È finita l’era del riscaldamento globale, ora la Terra «è entrata in quella dell’ebollizione». Antonio Guterres, segretario generale della Nazioni unite, ha lanciato ieri l’allarme dopo le anticipazioni di Copernicus (il programma di osservazione della Terra dell’Unione europea, dedicato a monitorare il nostro pianeta anche sul fronte climatico), secondo cui luglio 2023 è il mese più caldo di sempre, «a meno che non si verifichi una mini era glaciale nei prossimi giorni», cosa assai improbabile.

Le temperature record rilevate sono da collegare alle ondate di calore registrate in gran parte del Nord America, dell’Asia e dell’Europa, che, insieme agli incendi in Paesi come il Canada e la Grecia o l’Italia dove il Sud brucia da giorni, hanno avuto un forte impatto sulla salute delle persone, sull’ambiente e sulle economie.
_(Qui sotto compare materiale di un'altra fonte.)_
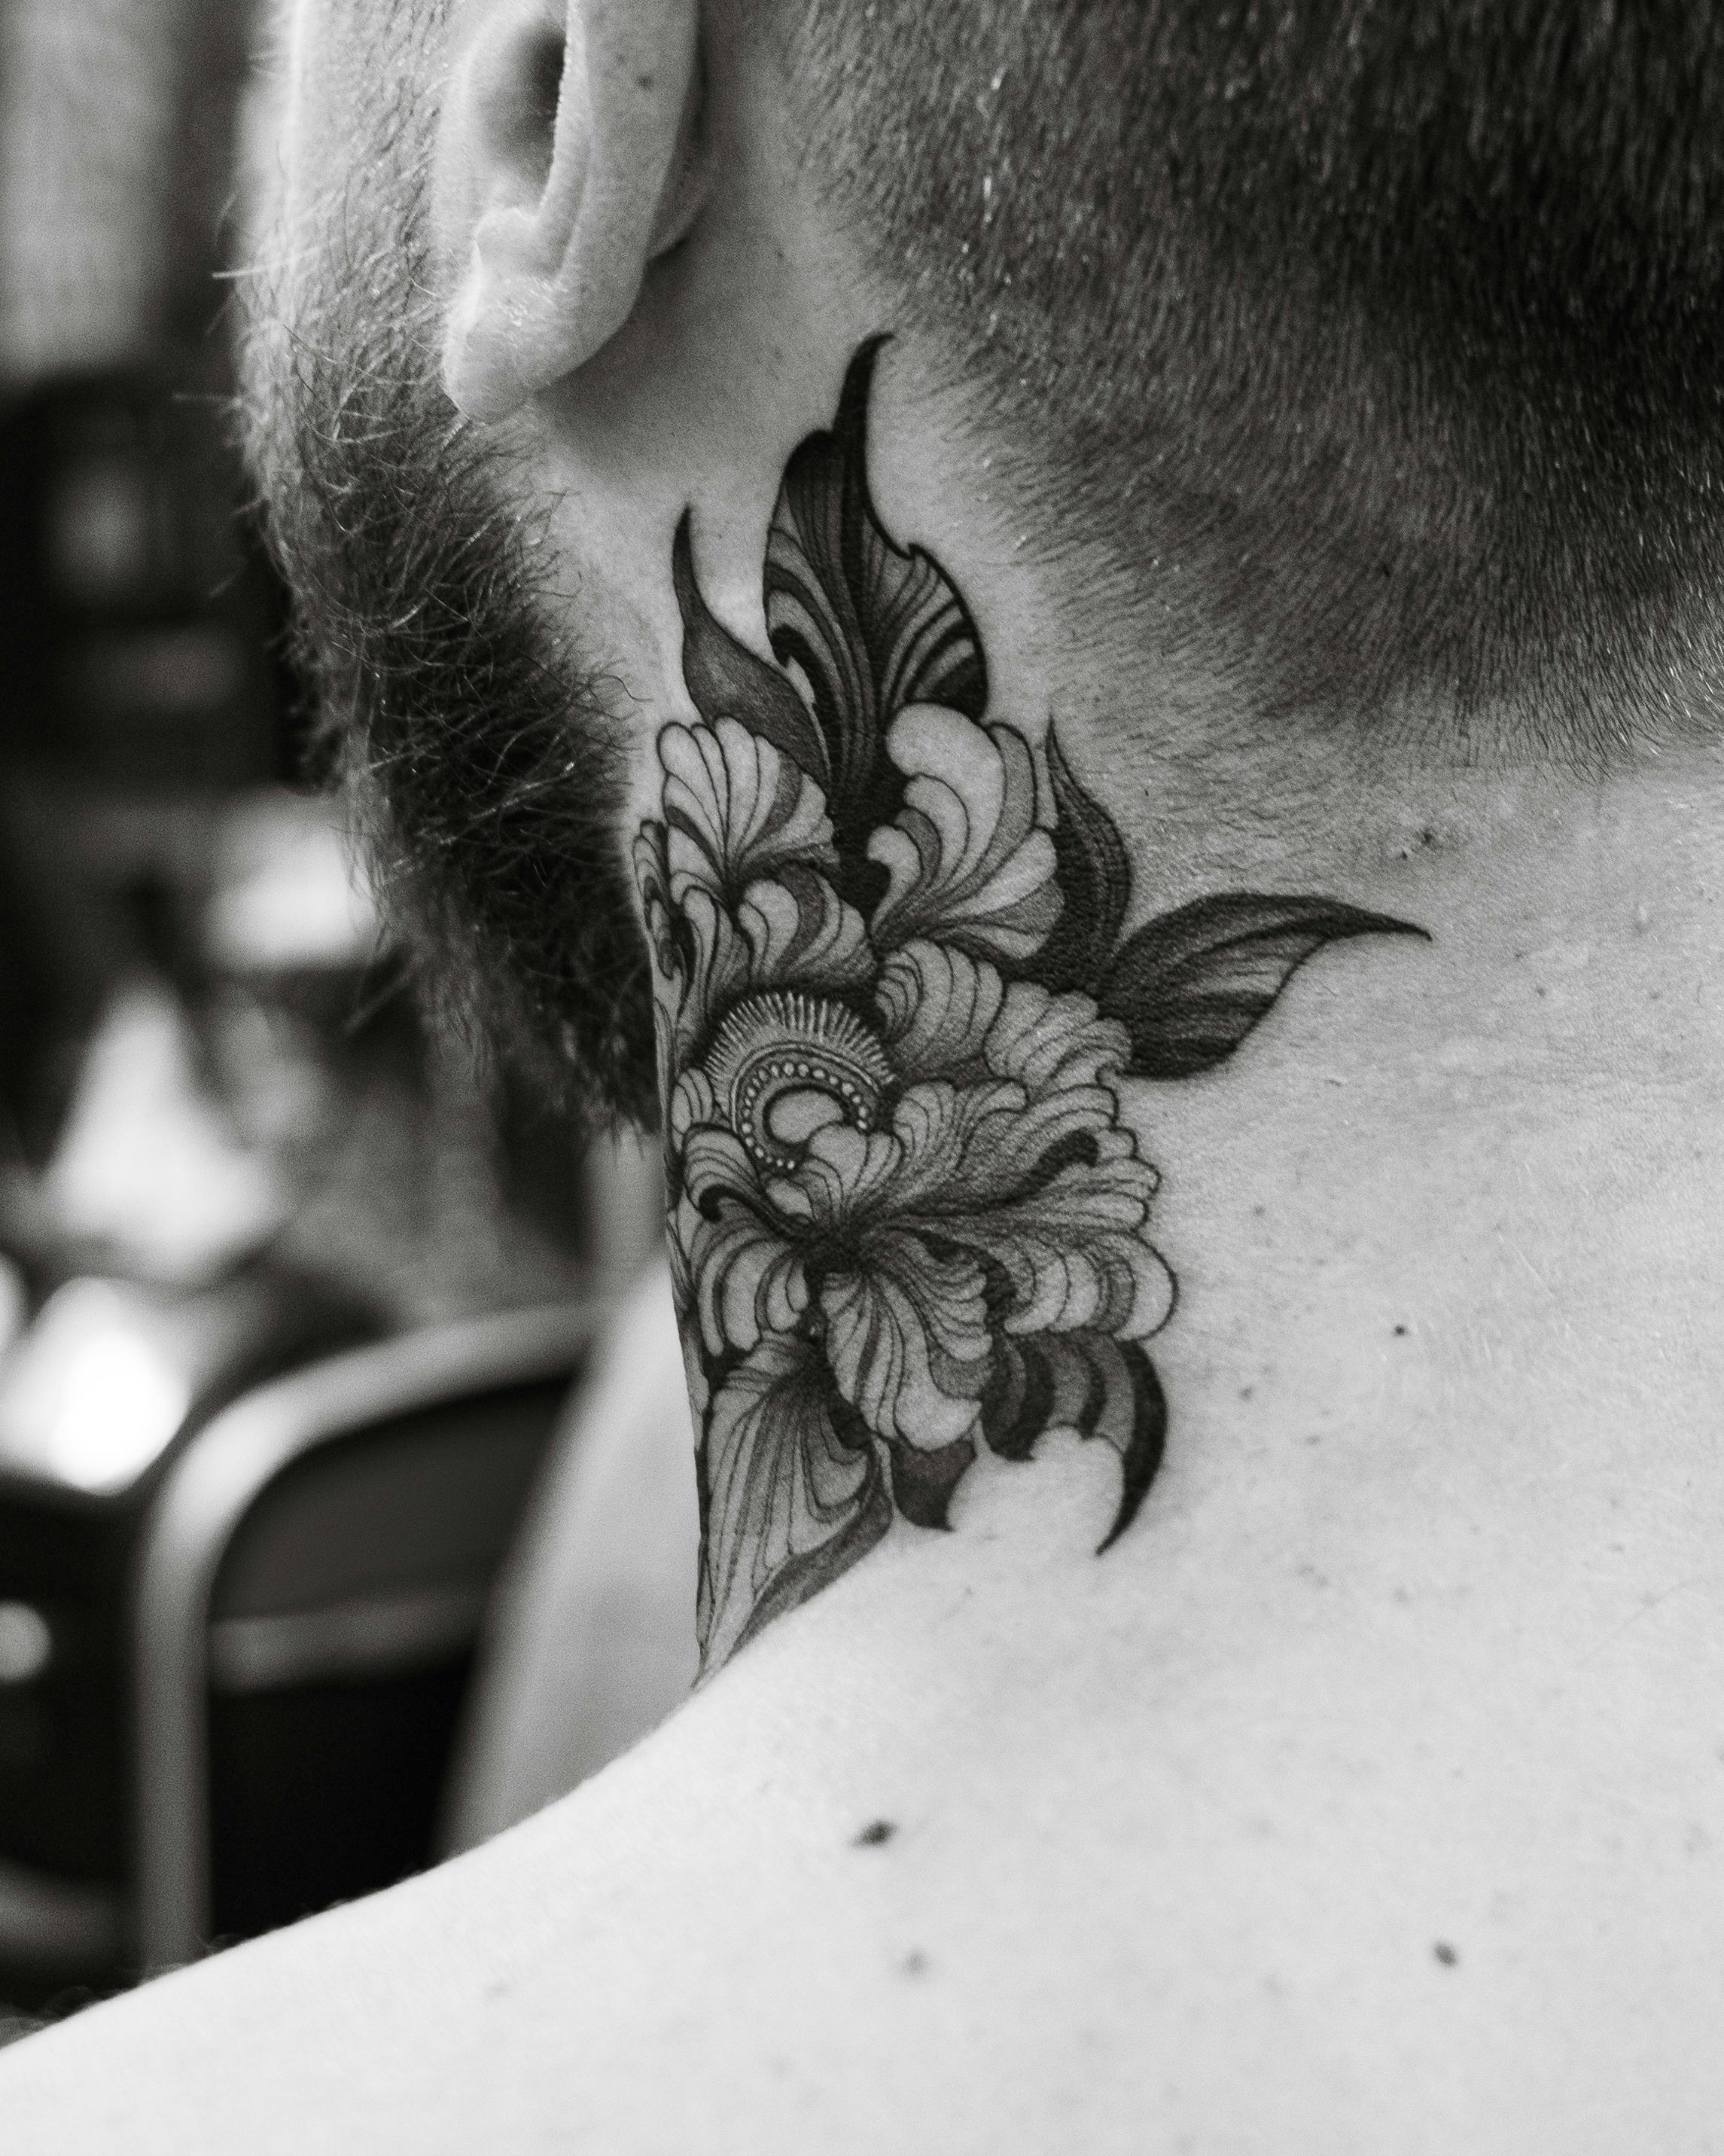 Lotus Flower Throat Tattoo Added :) - Nightmare Tattoo Studio | Facebook
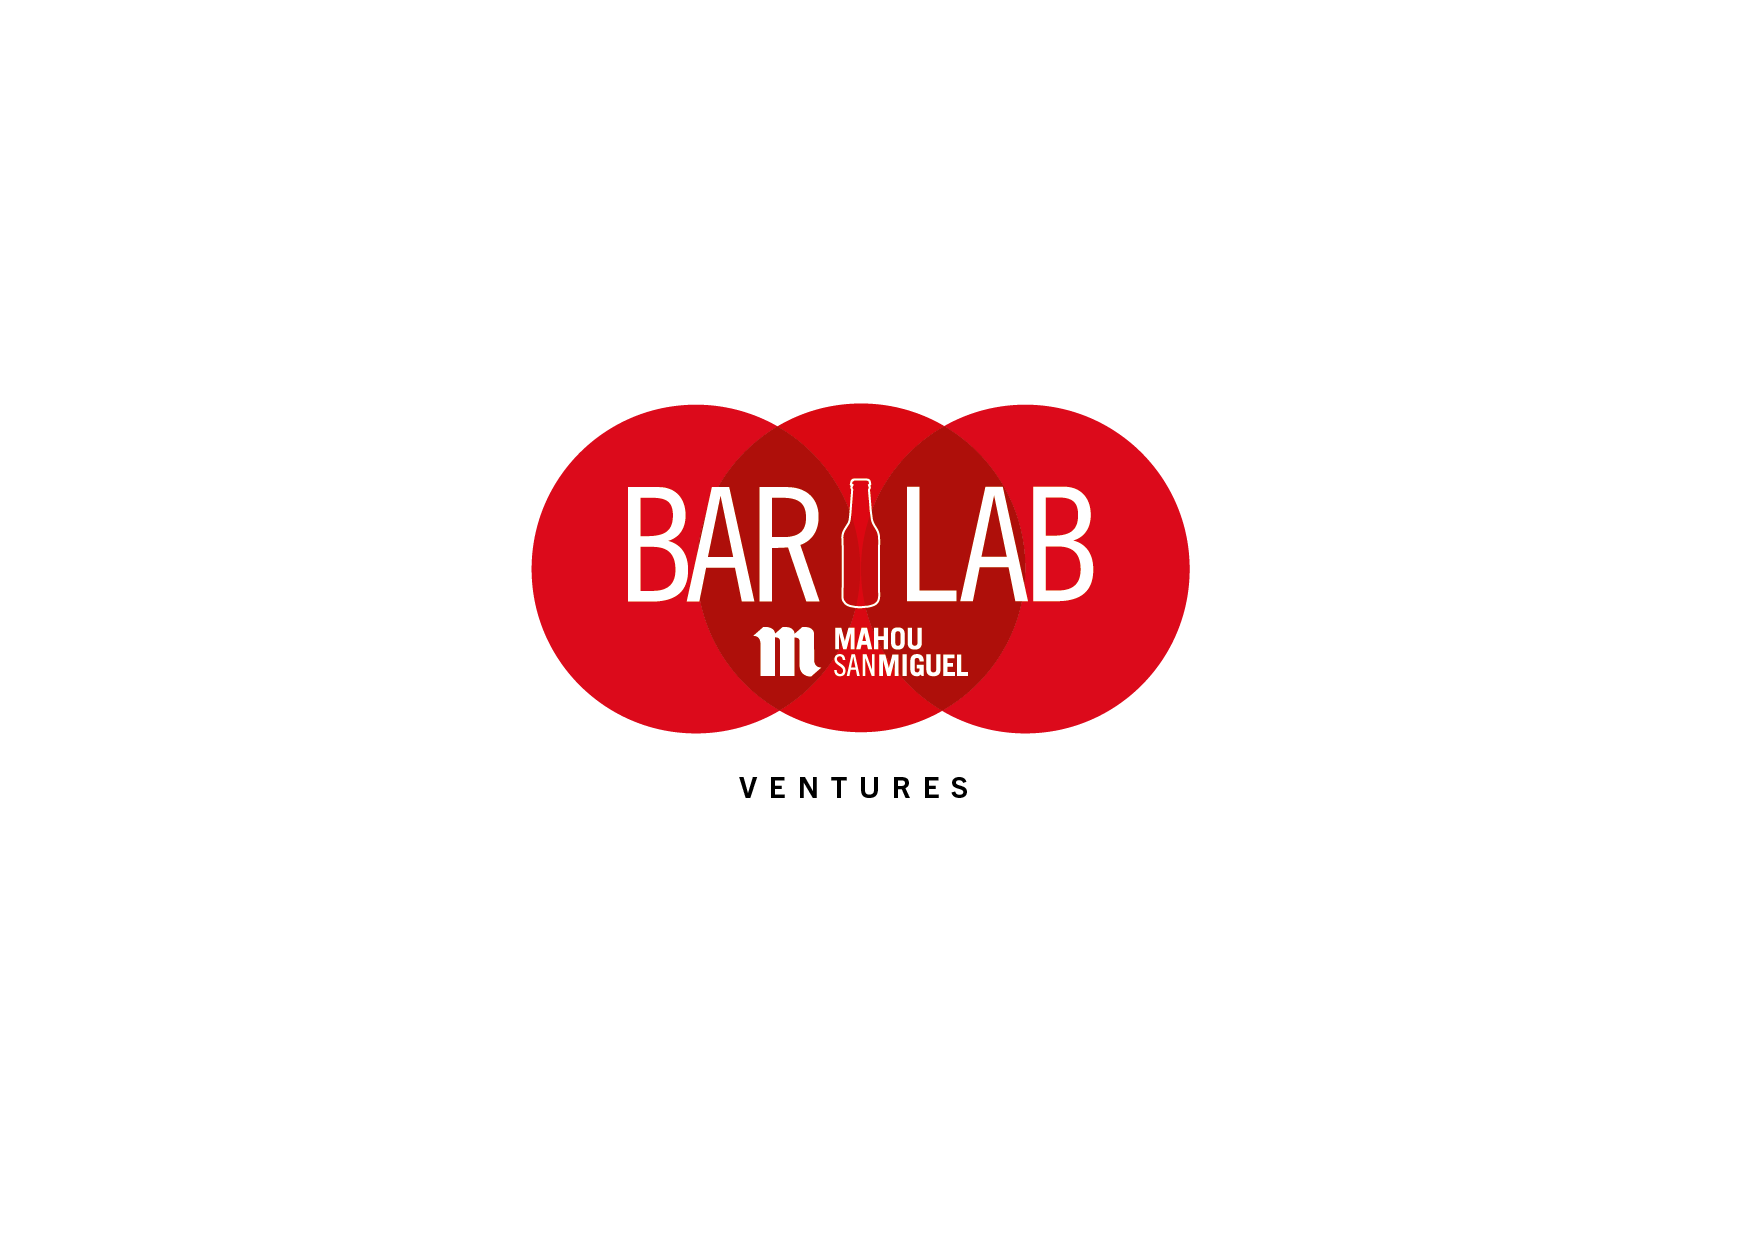 BarLab Ventures

«Le temperature da record fanno parte della tendenza al drastico aumento delle temperature globali. Le emissioni antropogeniche sono in definitiva il principale motore di queste temperature in aumento» ha detto Carlo Buontempo, direttore del Copernicus Climate Change Service (C3S).

Ha perciò ragione Guterres a dire che tutto questo rappresenta «solo l’inizio», a meno di scelte radicali. Ai negazionisti climatici il segretario della Nazioni unite ricorda che «per gli scienziati è inequivocabile: gli esseri umani sono responsabili» e «l’unica sorpresa è la velocità del cambiamento». Il segretario generale dell’Onu si sofferma anche sulle tragiche e chiare conseguenze» di questa «ebollizione»: bambini «spazzati via dalle piogge monsoniche, famiglie in fuga dalle fiamme, lavoratori che svengono sotto il caldo torrido».

Guterres se la prende con le fonti fossili, alzando la palla per Petteri Taalas, segretario generale dell’Organizzazione meteorologica mondiale (Wmo): «Le condizioni meteorologiche estreme che hanno colpito molti milioni di persone a luglio sono un assaggio del futuro. La necessità di ridurre le emissioni di gas serra è più urgente che mai. L’azione per il clima non è un lusso ma un dovere».